The negative impacts of the coronavirus, COVID-19, on the automotive industry continue to radiate out from the closure of factories and dealerships (for vehicle sales, while service operations continue) to employee furloughs and plunging stock prices. At the same time, the global pandemic has begun to undermine the investment rationale behind four core industry-wide initiatives collectively described as “CASE” or “ACES:” i.e. Connected, Autonomous, Shared, and Electrified driving.
These four sectors are frequently identified at industry conferences – remember when we used to attend those? – as the strategic underpinnings of the future of transportation. Even as the mantra of ACES was being embraced by the industry, though, investment bankers were grumbling at the capital expenditures that were flowing to these R&D and trial endeavors that were producing nothing but rivers of red ink.
Those investment bankers may now be breathing heavy sighs of relief as, one by one, the ACES activities of OEMs appear to be falling by the wayside as enthusiasm wains in the face of pandemic impacts or regulatory authorities lose their nerve. The first “horseman” to fall was autonomous vehicles.
Car companies working on autonomous vehicle solutions, such as General Motors, Ford Motor Company, Daimler, and others, have discovered that making a serious effort in AV development can easily require $250M or more per quarter in non-recoverable expenses. Worse yet, this effort is both technology and labor intensive. There is no easy way to rein in these costs and the development activity takes place in a high risk environment that can literally put lives at risk. Just ask Uber.

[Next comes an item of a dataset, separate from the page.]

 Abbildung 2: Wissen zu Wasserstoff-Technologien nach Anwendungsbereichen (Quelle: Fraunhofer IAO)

It is perhaps no surprise that weeks ago most AV operators in the U.S. – which were using paired human safety drivers and driver monitors, terminated their operations for the duration of the “social distancing” enforcement guidelines in the U.S. The valuations of these companies have correspondingly begun their own curve flattening led by Waymo.

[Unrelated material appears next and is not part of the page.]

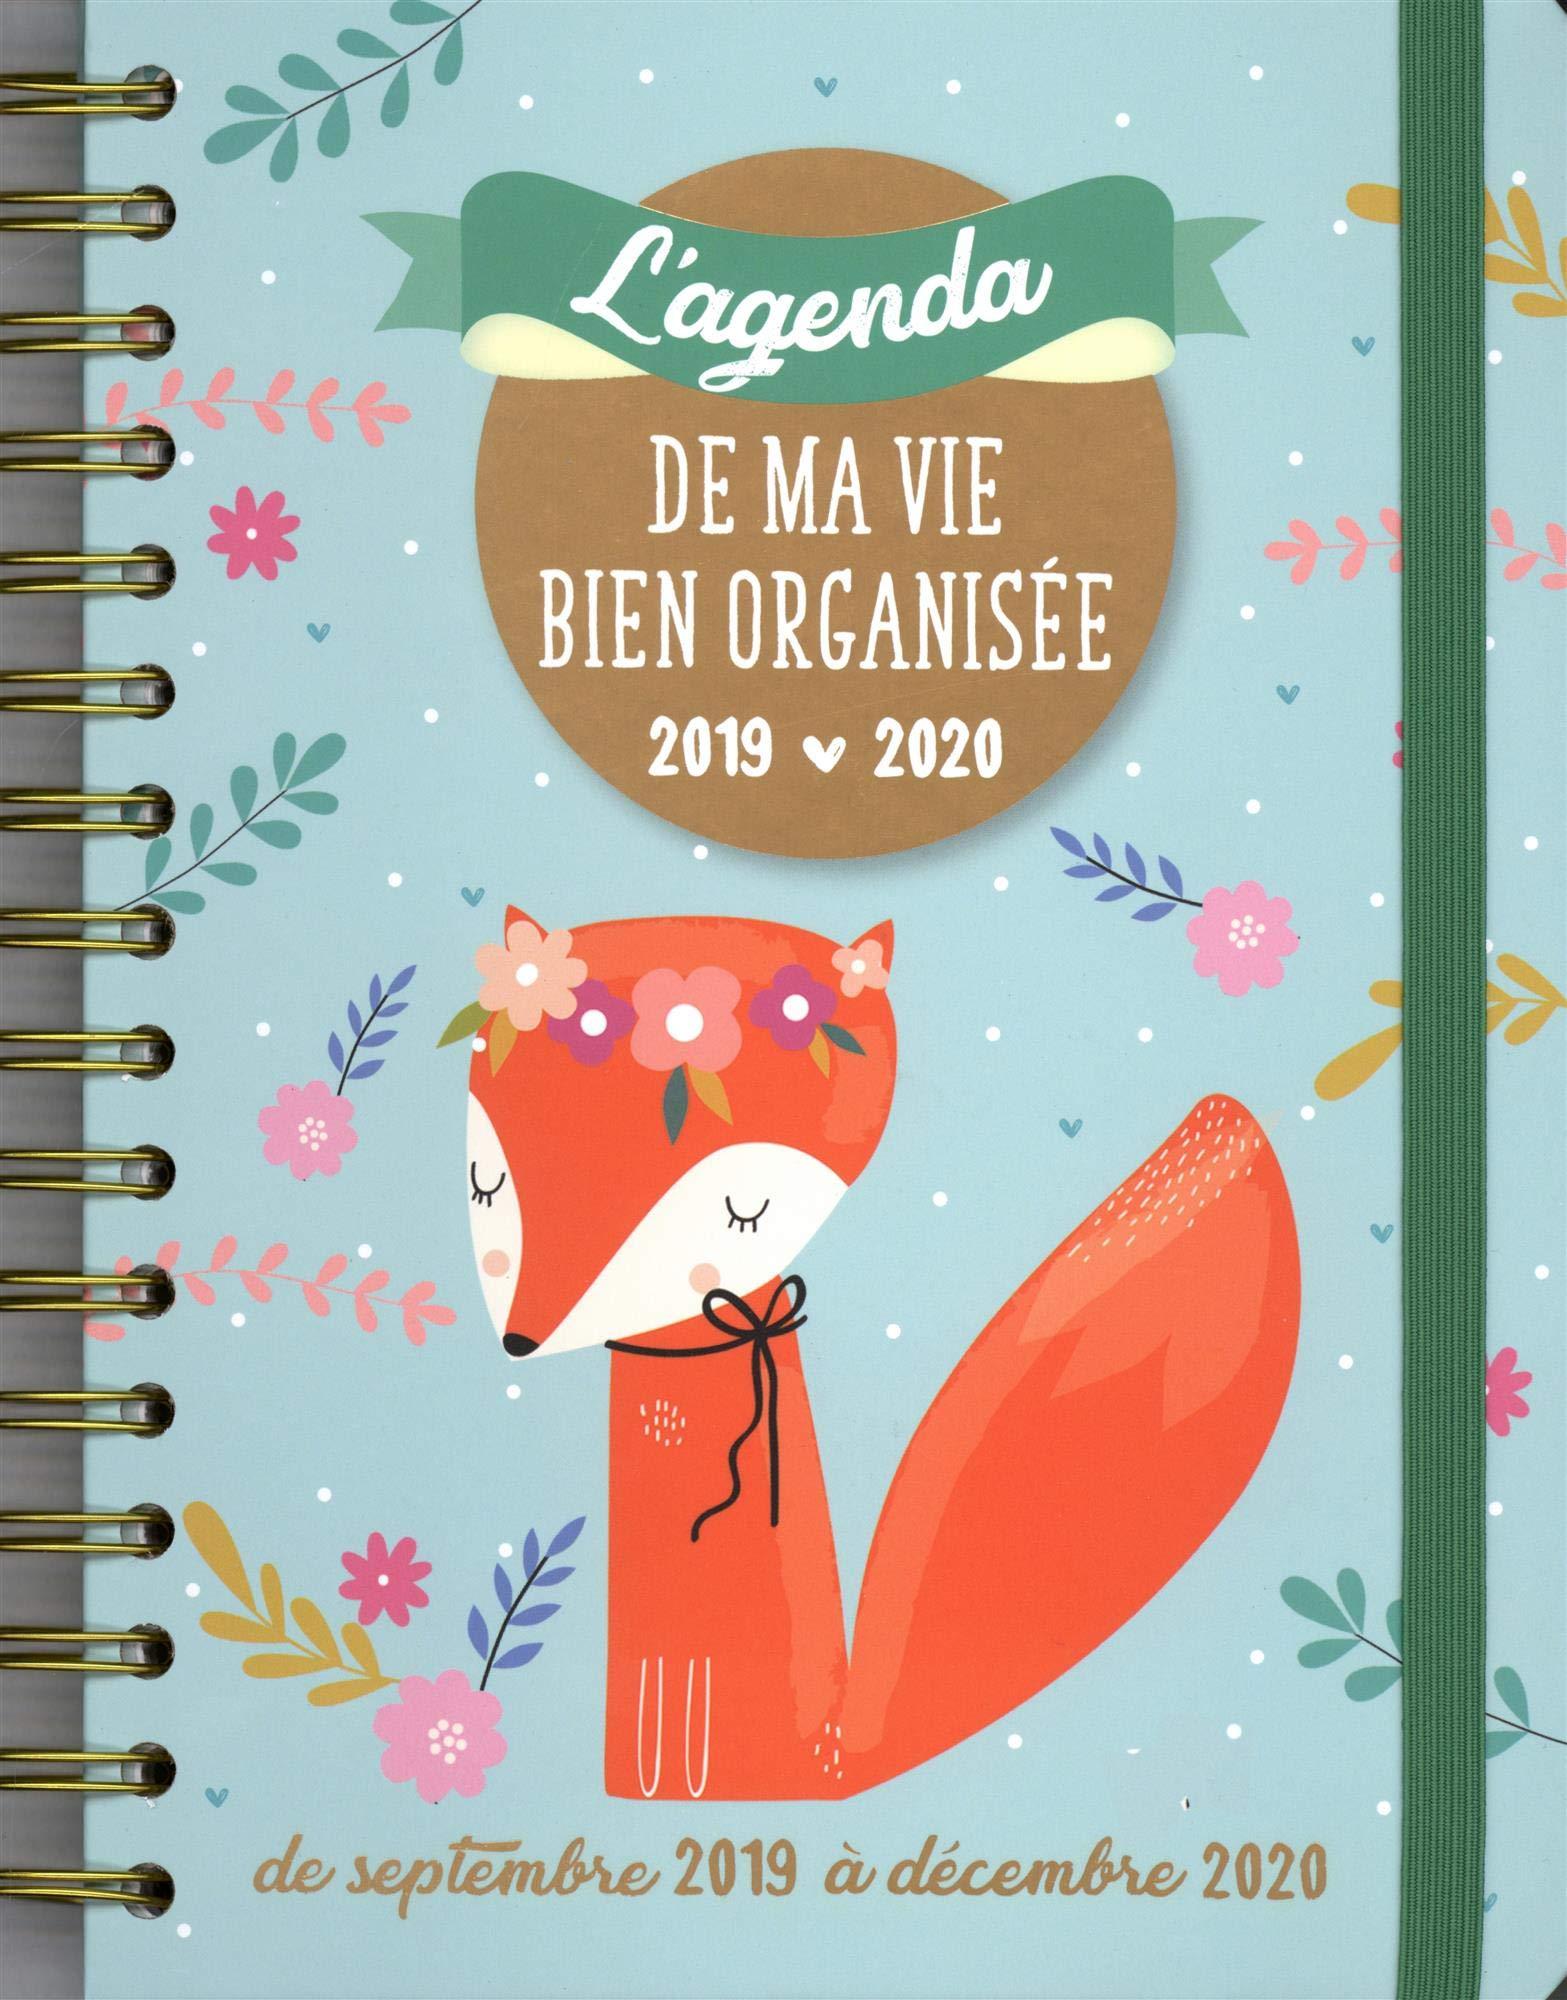 L Agenda de Ma Vie Bien Organisee 2019-2020: Amazon.es ...

Soon after the shut down of these AV activities reports of financial stress began to emerge from peer-to-peet car sharing operators Turo and Getaround. Only yesterday came news that Penske Corporation was shutting down its Penske Dash car subscription service. Can Free2Move’s U.S. operations be far behind? Does anyone want to share a car these days?
Some analysts thought car share and bike and scooter share operators would benefit from an operating environment in which public transportation was either not available or severely curtailed. The reality has been that all sharing has been severely impacted (weeks ago scooter operators Bird and Lime exited the European market) by an environment suddenly bereft of leisure travelers, high volumes of pedestrian traffic, or social activity of any kind. Stay at home government guidance has almost completely extinguished the sharing economy.

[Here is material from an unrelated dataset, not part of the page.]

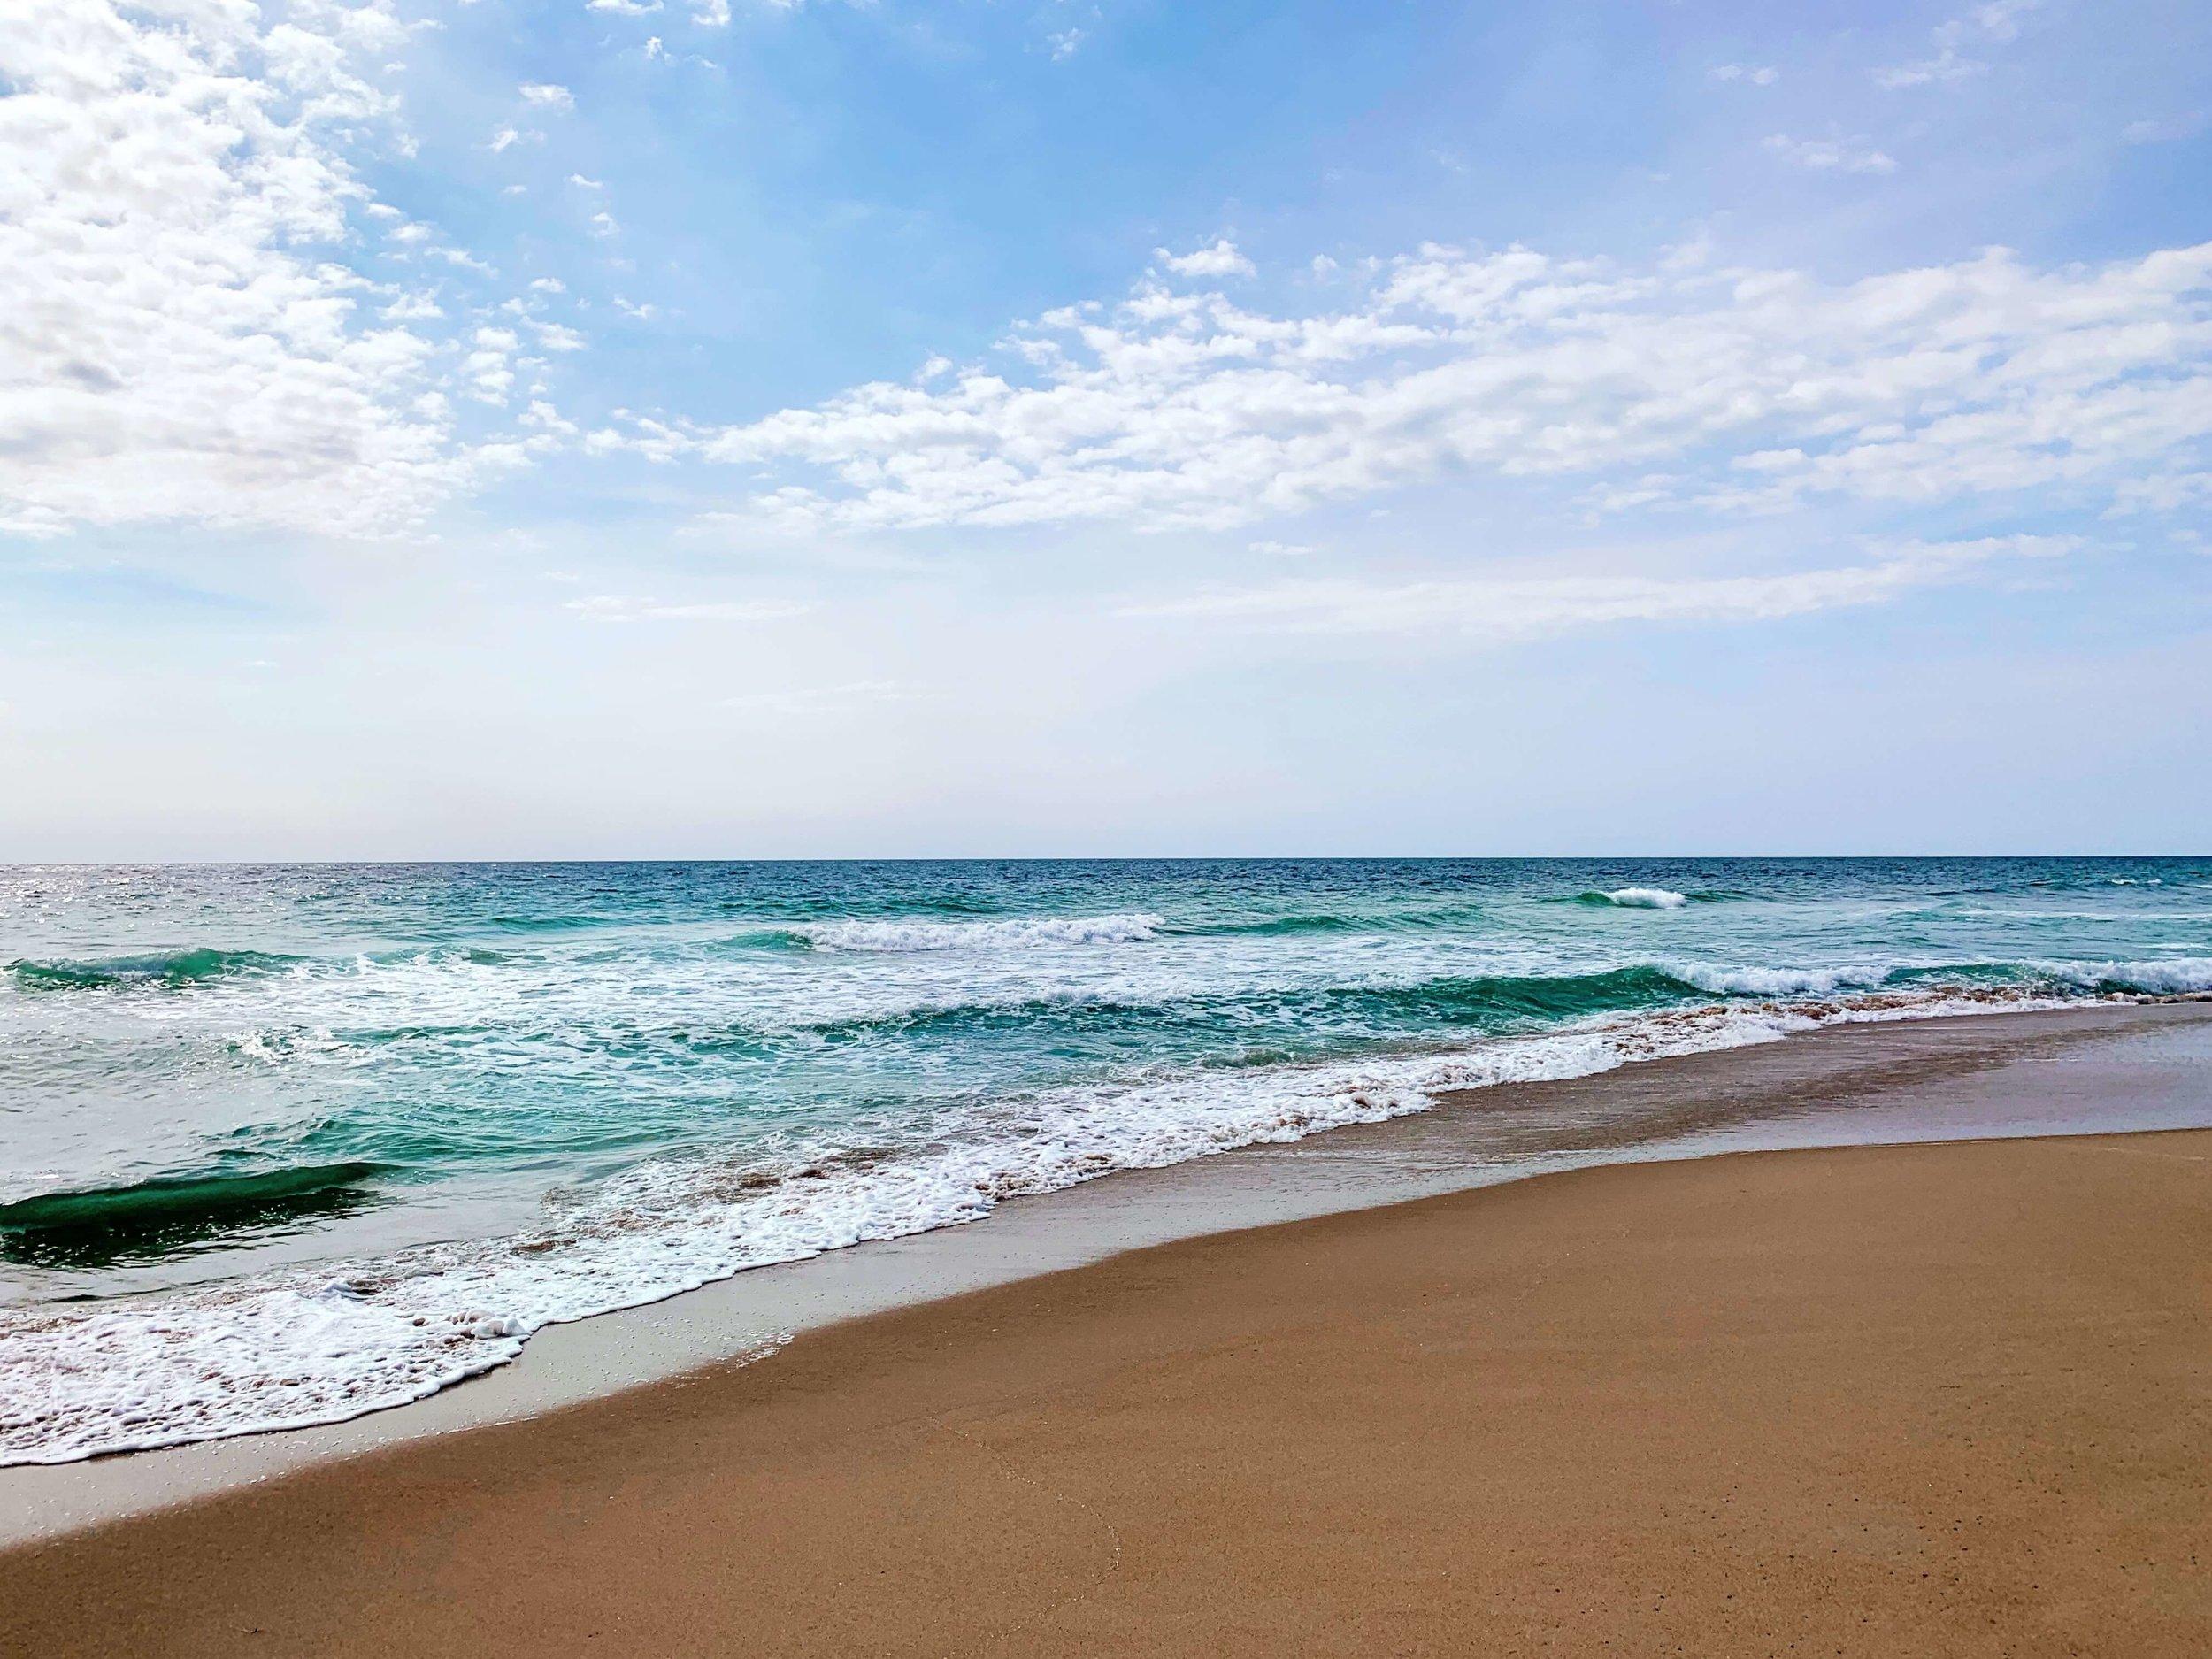 Buxton, NC - waves and surf

Next to fall was electrification as gasoline prices plunged around the world (below $2.00 in the U.S.) and the U.S. government lowered fuel efficiency targets. European car makers, too, have renewed their opposition to aggressive EU CO2 reduction mandates targeting vehicle emissions. Looks like people have generally lost interest in being environmentally conscious.
The last horseman standing is connectivity. It may well be that connectivity is the sole surviving core automotive technology iniitiative that survives the COVID-19 scourge. The industry may abandon autonomous vehicles, shared vehicles, and electrification – but connectivity seems bound to endure.
It is not as if the motivation doesn’t exist for de-prioritizing connectivity. Car companies committing to connecting their cars know they are taking on a nine-figure investment with an uncertain return. But compared to the hundreds of millions of dollars require to support autonomous vehicle, electric vehicle, or shared vehicle development, $100M to set up and maintain a connected vehicle platform looks like a rounding error.
The automotive industry is poised on the threshold of 5G adoption which will bring vehicle-to-vehicle, vehicle-to-infrastructure, and vehicle-to-pedestrian communications into being. Higher speed, longer range, and more reliable vehicle connections will set the stage for advanced cybersecurity and software update solutions as well as improved vehicle location information and collision avoidance.
Not even COVID-19 can stand in the way of the movement to connect cars. For the foreseeable future, the pandemic will continue to wreak havoc with autonomous, electrification, and sharing. Car connections will survive even this apocalypse.